Ready to build your first agent? Check out our documentation:

0. **[Start Here](docs/00_overview.md)** - Overview and core concepts
1. **[Setup](docs/01_setup.md)** - Installation and configuration
2. **[Using Agents](docs/02_using_agents.md)** - Using the AskUI ComputerAgent and AndroidAgent
3. **[System Prompts](docs/03_prompting.md)** - How to write effective instructions
4. **[Using Models](docs/04_using_models.md)** - Using different models as backbone for act, get, and locate
5. **[BYOM](docs/05_bring_your_own_model_provider.md)** - use your own model cloud by plugging in your own model provider
6. **[Caching](docs/06_caching.md)** - Optimize performance and costs
7. **[Tools](docs/07_tools.md)** - Extend agent capabilities
8. **[Reporting](docs/08_reporting.md)** - Obtain agent logs as execution reports and summaries as test reports
9. **[Observability](docs/09_observability_telemetry_tracing.md)** - Monitor and debug agents
10. **[Extracting Data](docs/10_extracting_data.md)** - Extracting structured data from screenshots and files
11. **[Callbacks](docs/11_callbacks.md)** - Inject custom logic into the control loop

**Official documentation:** [docs.askui.com](https://docs.askui.com)

## Quick Install

```bash
pip install askui
```

**Requires Python >=3.10*

The default install includes core dependencies (Agent OS client, HTTP, common model APIs, Android tooling, etc.). Add **optional extras** only when you need the features below.

```bash
pip install askui[all]
```

`all` pulls in every optional extra in one command (larger install). Prefer picking individual extras when you know what you need. Or start using AskUI with a minimal install and add extras as you need them.

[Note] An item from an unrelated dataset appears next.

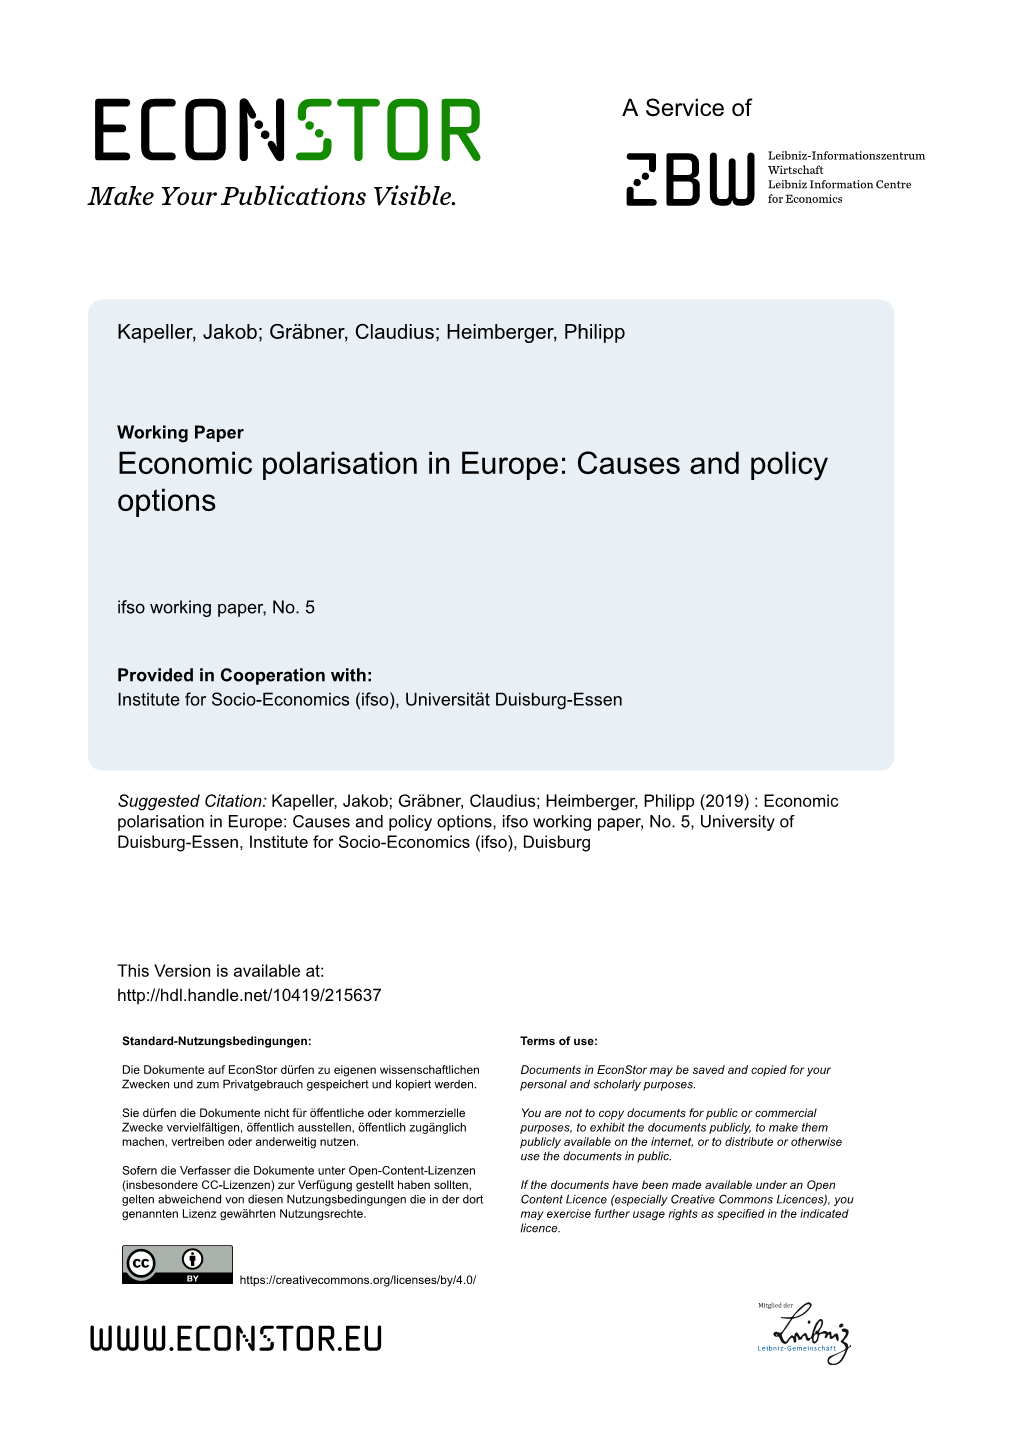 Economic Polarisation in Europe: Causes and Policy Options

### Optional install extras

| Extra | When to use it |
| --- | --- |
| *(none)* | Everyday automation. Smallest footprint. |
| `all` | You want every optional integration below without choosing extras (CI images, demos, or “install everything once”). |
| `office-document` | Reading or converting **Office files** (Excel `.xls`/`.xlsx`, Word `.docx`) via MarkItDown—e.g. extracting content from spreadsheets or documents in workflows. To be used in `get()` methods. |
| `bedrock` | Running **Anthropic Claude through AWS Bedrock** (`anthropic[bedrock]`). Use when your org routes Claude via Bedrock, not the direct Anthropic API. |
| `vertex` | Running **Anthropic Claude on Google Vertex AI** plus Vertex client libraries. Use when models are hosted on Vertex, not only the public Anthropic API. |
| `otel` | **OpenTelemetry** export and instrumentation you enable in code: OTLP over HTTP, plus optional instrumentation for `httpx` and SQLAlchemy. Use for production tracing/metrics pipelines—not required for local scripts. |
| `web` | **Browser automation with Playwright** (e.g. web-focused agents and Playwright-backed flows). Core desktop control still uses Agent OS; this extra is for the Playwright stack. |

Combine extras as needed, for example:

```bash
pip install askui[bedrock,otel]
```

You'll also need to install AskUI Agent OS for device control. See [Setup Guide](docs/01_setup.md) for detailed instructions.


## License

This project is licensed under the MIT License - see the [LICENSE](LICENSE) file for details.